Oh, my! I cannot believe it’s November already, where did this year go? The weather, as expected really, is grey, grim and wet so we need some colour and joyful dishes to lift up some moods and spirits over here. I am sure you do feel the same at that end too. This pork and seafood risotto dish does exactly that.

Oh, BUT…Happy 4th Birthday Ramona’s Cuisine!!

Ramona’s Cuisine was celebrated in the last few days, yay!!! It’s been 4 years and this is the 241st recipe!! I cannot believe it! Time definitely flies when you’re having fun.

All the cooking that kept me super busy, my lovely family, projects, my daily work, the volunteering, it’s all been good, really good. Life’s beautiful as I always say!

This post should have been a cake post but instead, I thought of sharing with you this gorgeous and super vibrant, comforting pork and seafood risotto. Full of flavour, colour and a truly delicious dish that I’ve made the other day. I do make seafood risotto often and realised that the recipe never went up. Only came to the realisation after my little judges popped the question. When they’ve heard it is not up, they said I better put it up it as it is too yummy not to. So, as any good mother would do, I listened, so here’s my delicious seafood risotto recipe.

We enjoy this particular combination of pork and seafood risotto every single time but this time it really was extra delicious. The risotto rice was a really nice organic one from Organico and I have to say it was one of the best risotto rice I have had in a while. Amazing!

Organico has kindly sent me some products to try and I must admit I loved every single one. The fantastic taste of Italy, especially the chopped tomatoes which come from Toscana. Oh, those flavours! Used those to make a super delicious Chilli con Carne the other day. Plain deliciousness.

How to cook the rice for seafood risotto…. toast it or not?!

I know some toast the rice for risotto, I don’t! Not any more for quite some time now and the main reason for this is because all that creaminess produced by the starch gets spoiled.
Carnaroli rice, as well as Arborio (the risotto rice variety), are high in amylopectin which is responsible for the starch released when cooking.
It is exactly the same for Japanese rice.
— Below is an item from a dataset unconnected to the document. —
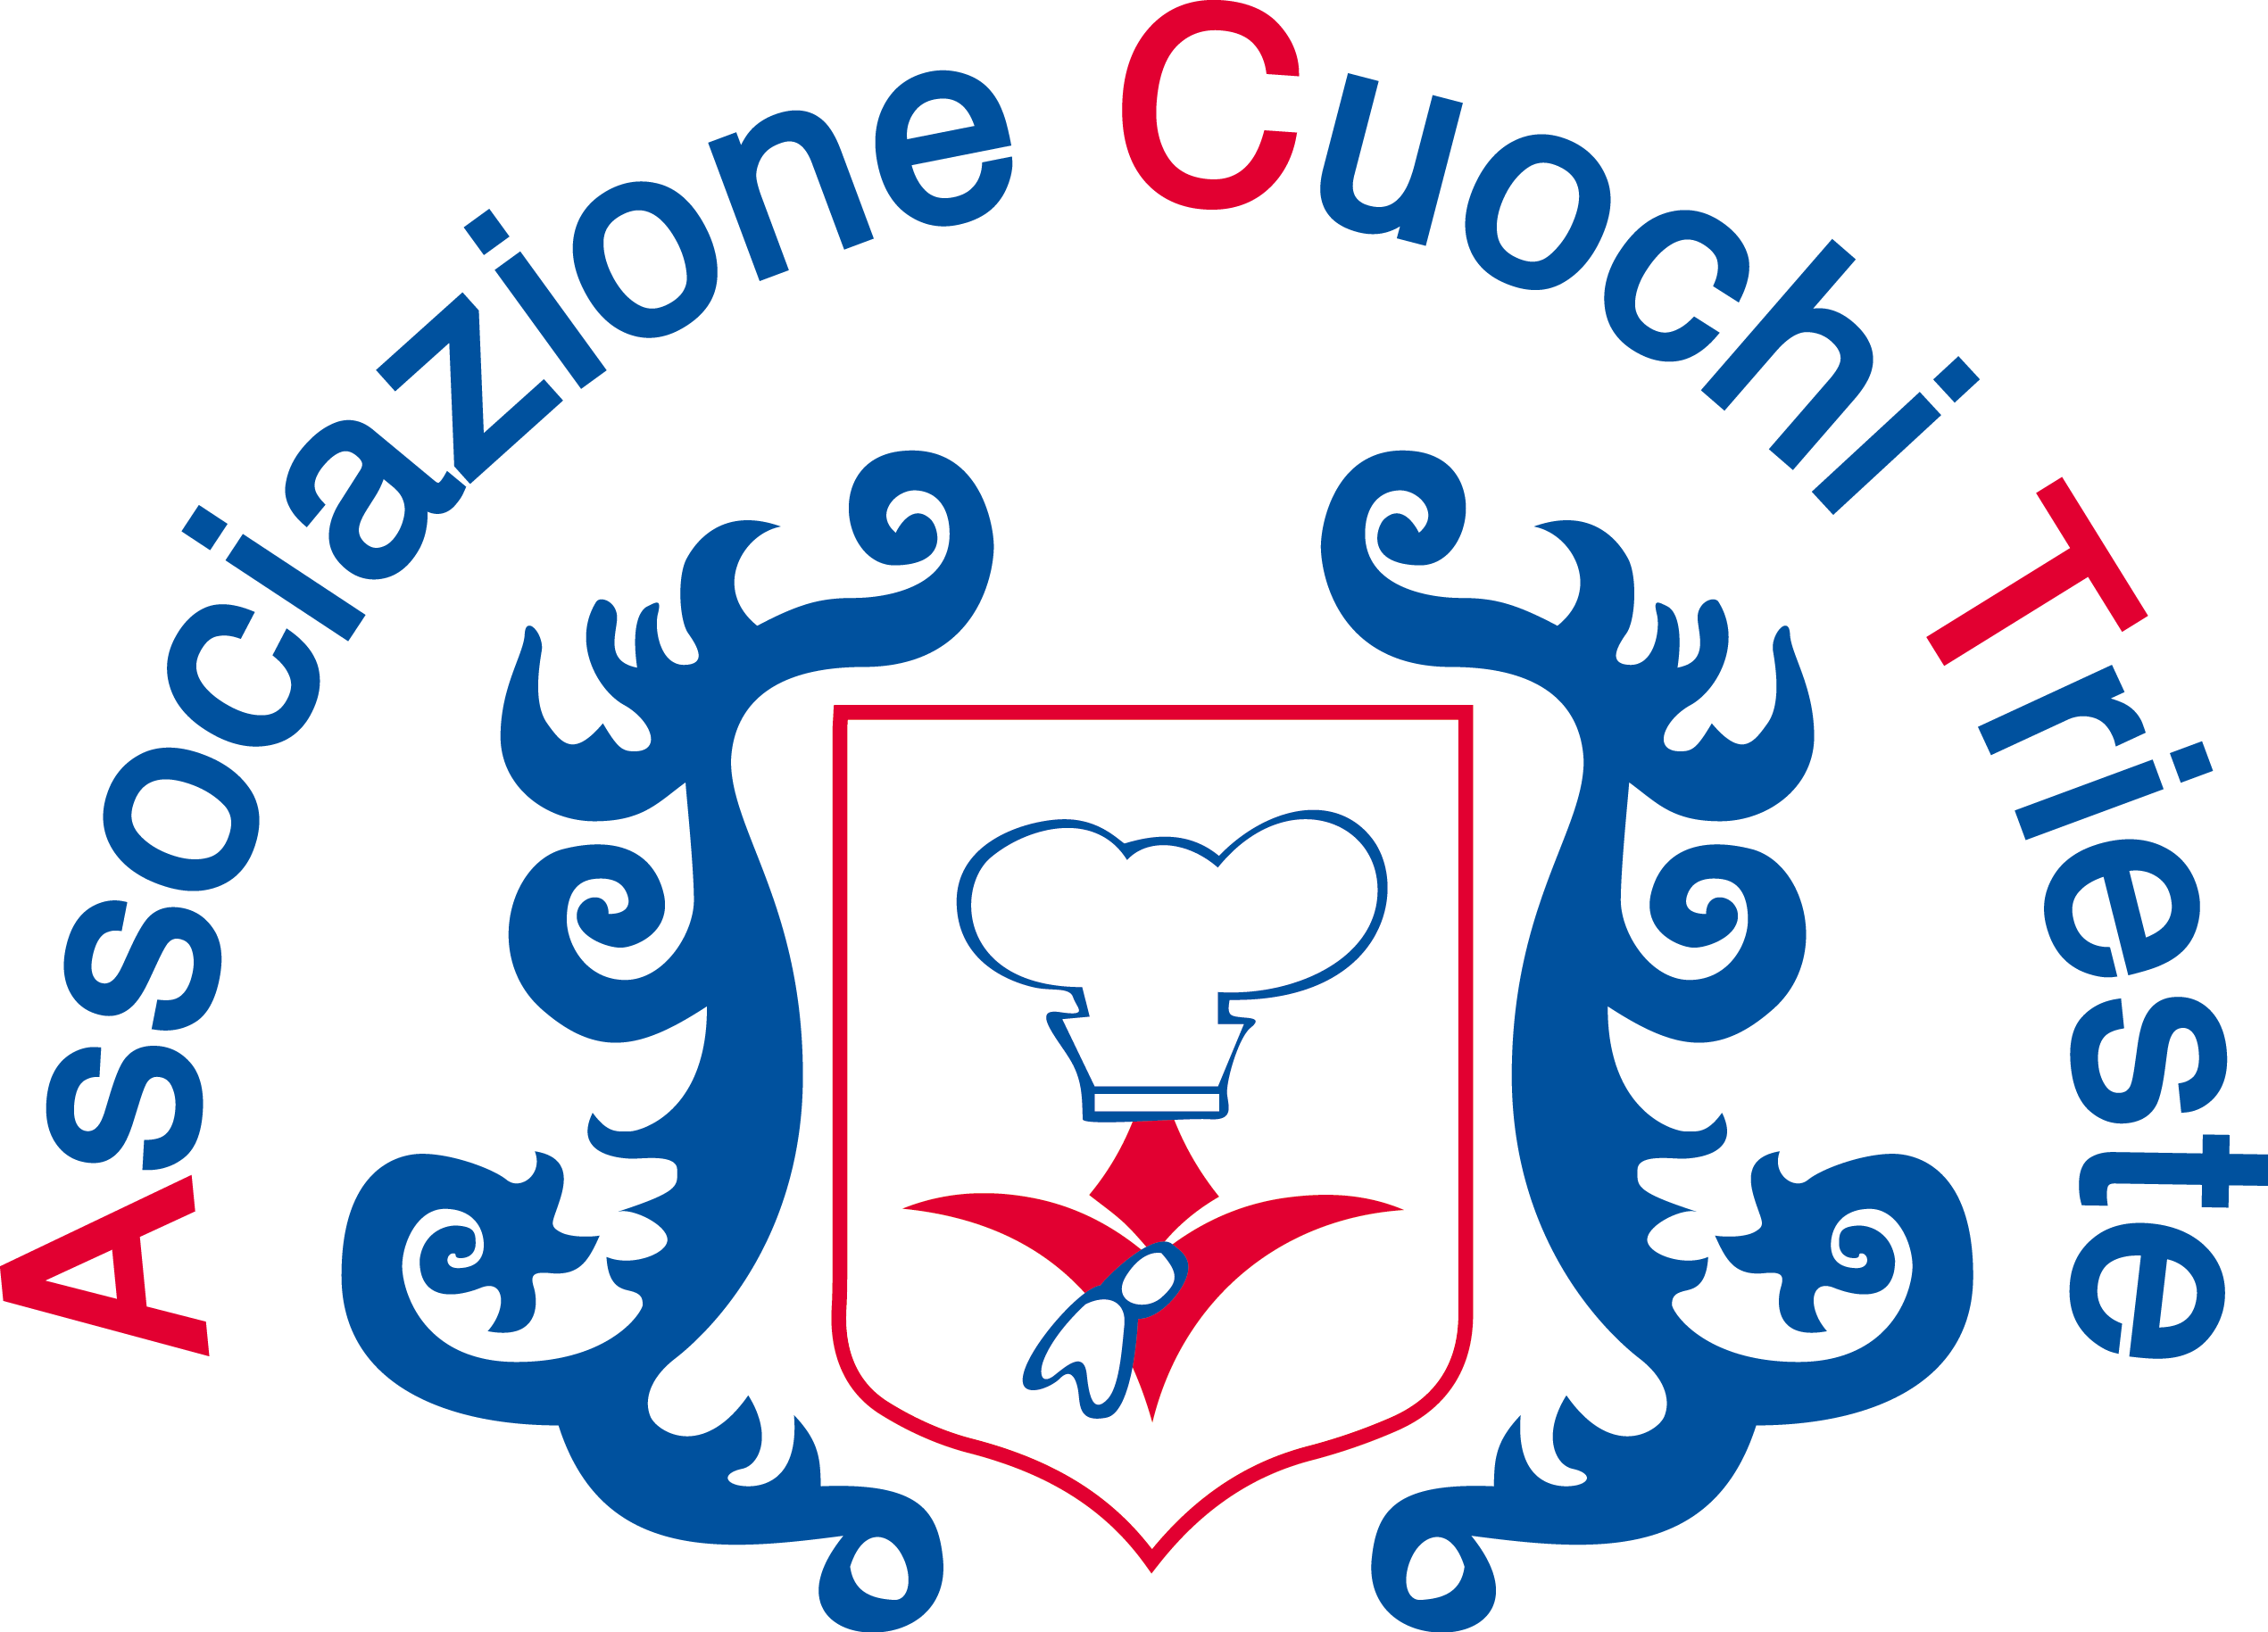 Associazione Cuochi Trieste

Why turmeric and long pepper combination?

Well, I’ve only found this out recently. Research shows that the true benefits of turmeric can really be felt and multiplied when the two are paired. I found this fact quite interesting and since then I always make a pertinent effort to make sure extra pepper goes in.

It appears I was already doing this without even realising and one of the dishes that I’m thinking about it’s this delicious red split lentil curry I’m making, always add turmeric and plenty of freshly ground black pepper.

You don’t have long pepper….?

Nothing to worry, just use regular ground black pepper. The difference between long pepper and regular black pepper, I find, is in flavour and strength- black pepper being the stronger one. But this is my own finding and I might be wrong – my husband believes is the other way around ?.
Also, long pepper you can only buy in specific stores like an Asian grocery store or like I did, I buy mine in here.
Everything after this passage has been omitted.